Capo del mandamento di San Giuseppe Jato ed esponente dei Corleonesi, Brusca è stato uno dei membri più attivi, a livello delittuoso, di Cosa Nostra. Già a 19 anni, Giovanni Brusca entrò nella cosca del padre per diventare, in breve tempo, uno dei più spietati killer al servizio di Totò Riina. Questa sua indole particolarmente feroce gli valse i soprannomi di Scannacristiani e u Verru (“il porco”); lui stesso, in una dichiarazione in relazione all’elevato numero di omicidi, si definì «un animale». Nel 1977 prese parte all’omicidio del colonnello dei carabinieri Giuseppe Russo; nel 1983 si occupò di preparare l’autobomba che uccise il giudice Rocco Chinnici e nello stesso anno uccise il capitano dei carabinieri Mario d’Aleo, in un agguato in cui rimasero coinvolti anche i colleghi Giuseppe Bommarito e Pietro Morici.

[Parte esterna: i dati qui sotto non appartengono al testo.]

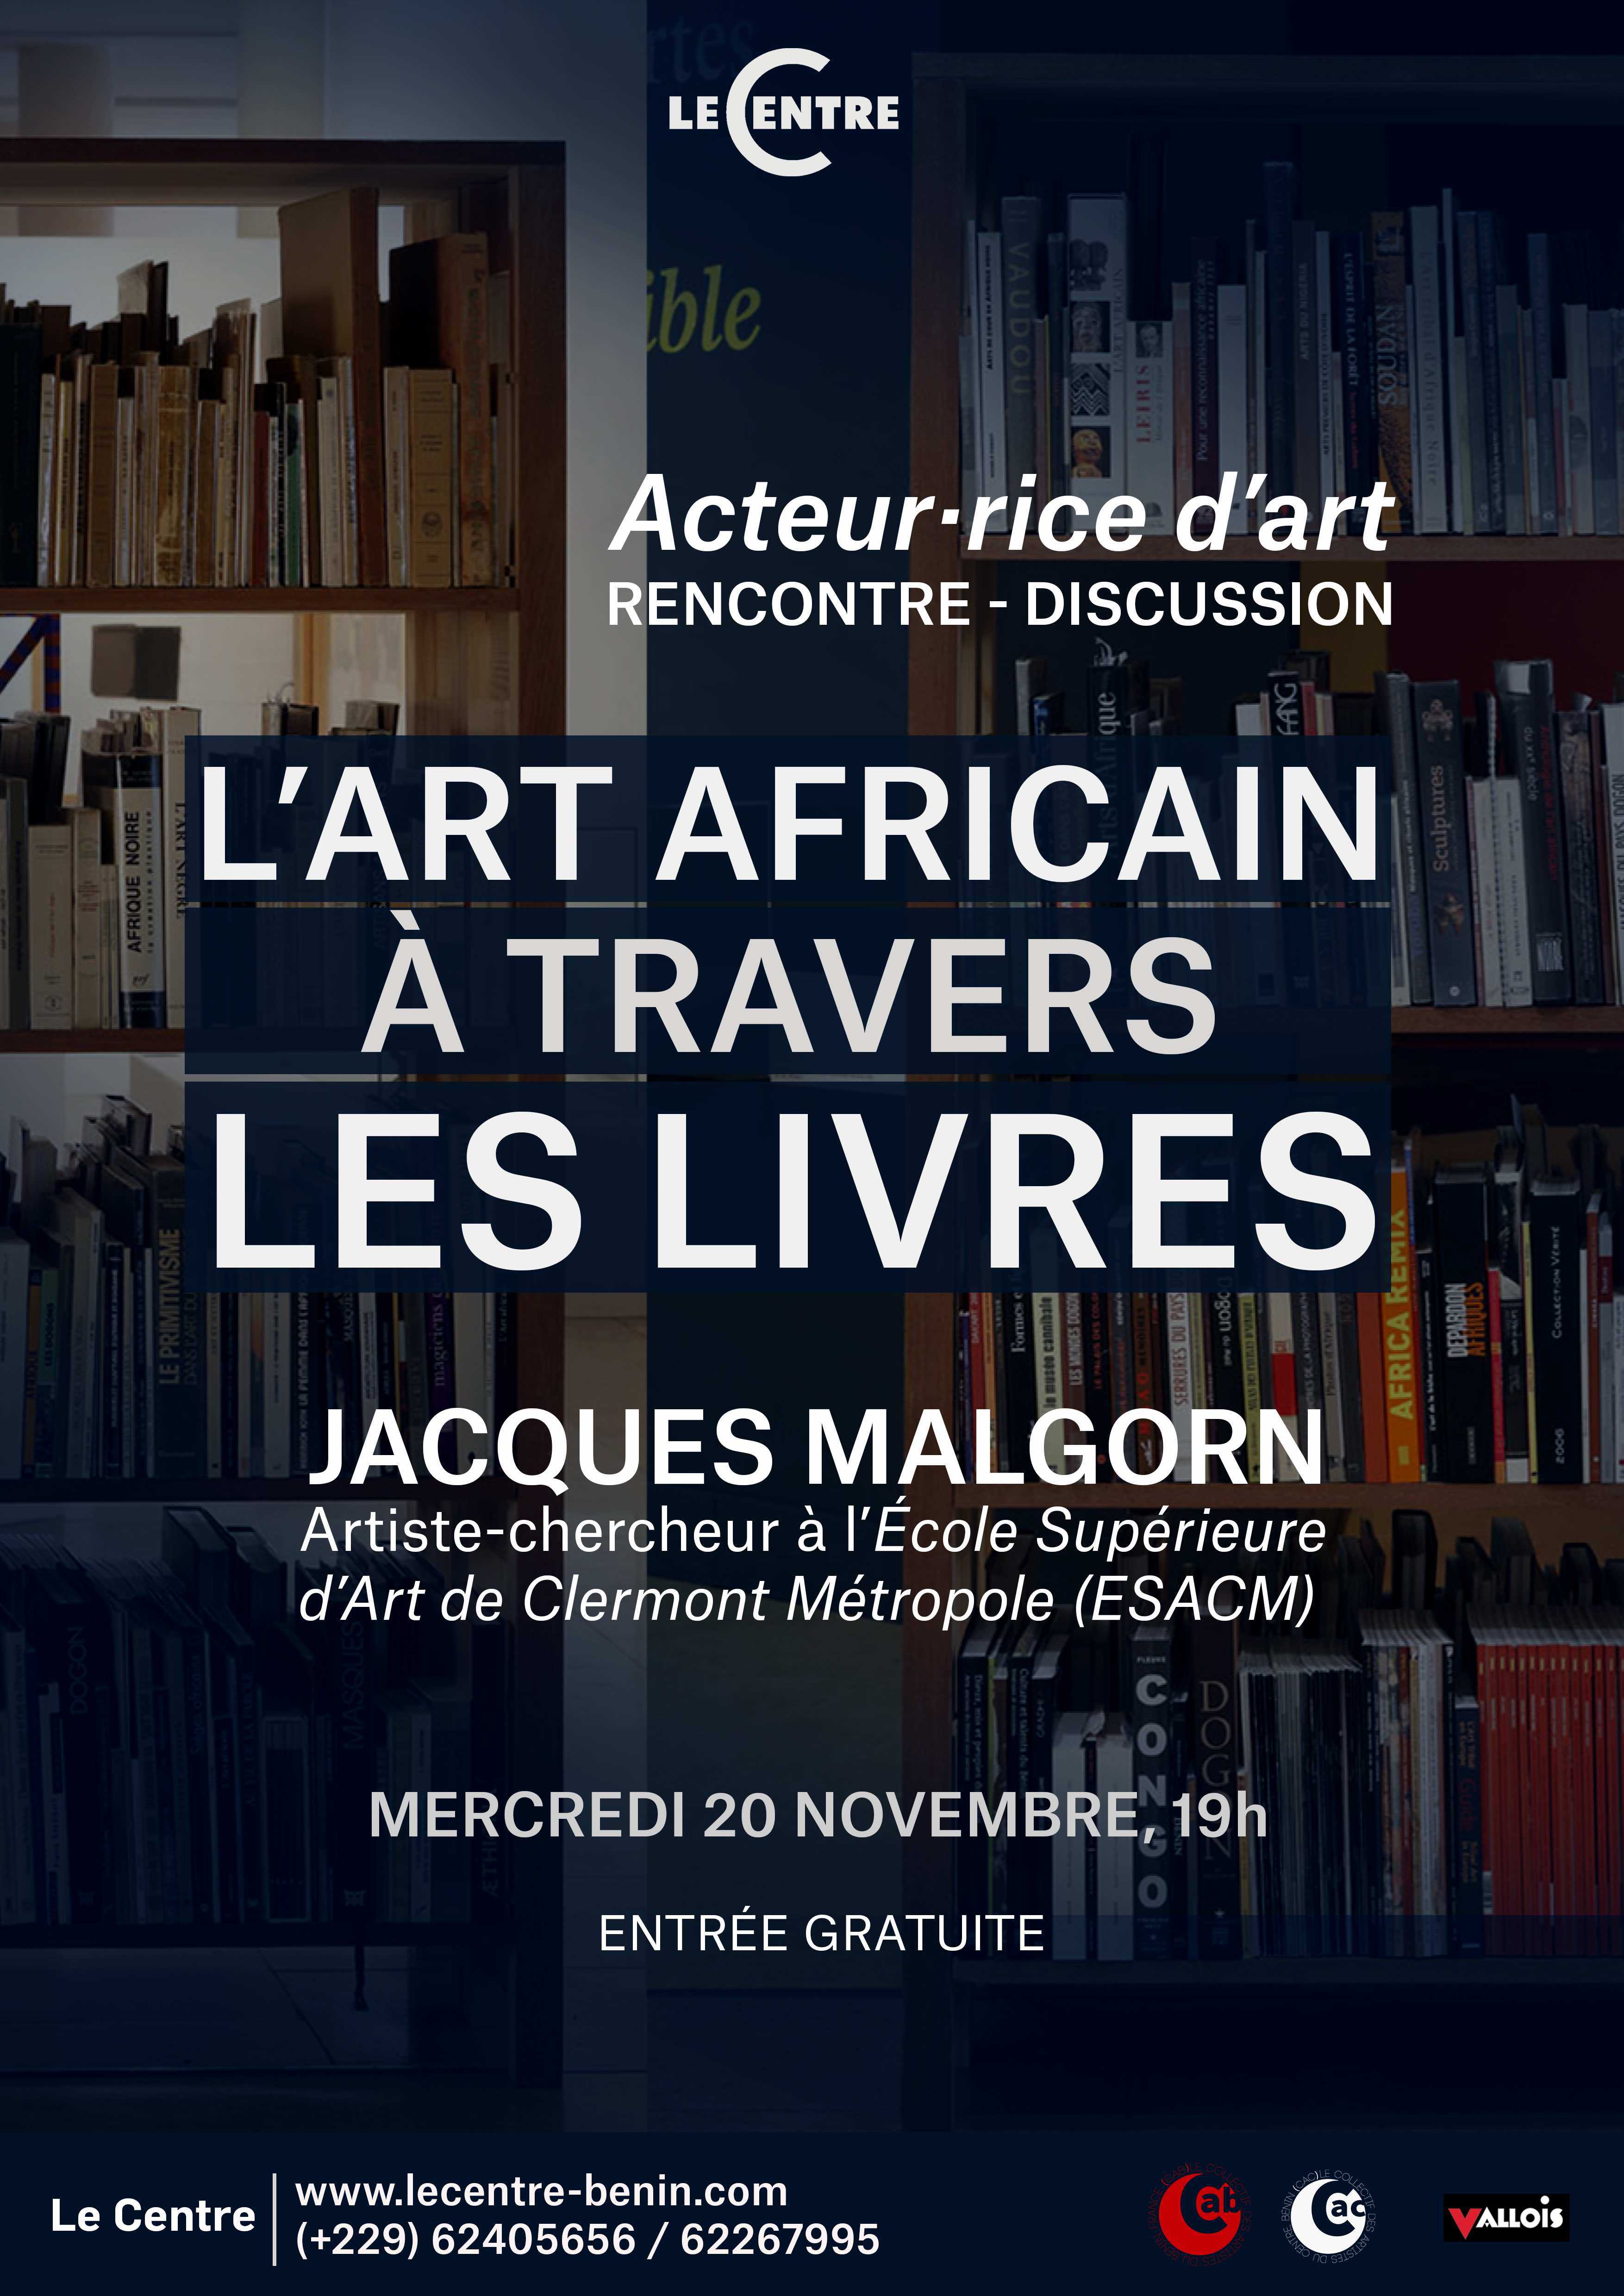 Acteur·rice·s d'art, Jacques Malgorn

Uccisione di Rocco Chinnici, 23 luglio 1983

Nonostante il soggiorno obbligato a Linosa, a seguito di mandato per associazione mafiosa dopo le dichiarazioni di Buscetta, Brusca diventò latitante e nel 1991 riprese in mano le redini della “Famiglia” di San Giuseppe Jato. Di lì a breve, nel 1992, sarebbe diventato una figura chiave nella guerra che la mafia stava facendo allo Stato. Brusca si dedicò, così, all’attentato omicida che avrebbe scosso profondamente la legalità italiana: la strage di Capaci. Infatti, fu proprio Brusca a organizzare l’attentato dinamitardo e, soprattutto, ad azionare il radiocomando responsabile dell’esplosione in cui morirono Giovanni Falcone, la moglie Francesca Morvillo e tre agenti della scorta. Brusca continuò, così, la strategia degli attentati dinamitardi, insieme ai boss Leoluca Bagarella, Matteo Messina Denaro e ai fratelli Filippo e Giuseppe Graviano. Nell’estate del ’93, diversi attentati colpirono alcune città italiane, tra cui Roma, Firenze e Milano, provocando una decina di morti e più di cento feriti.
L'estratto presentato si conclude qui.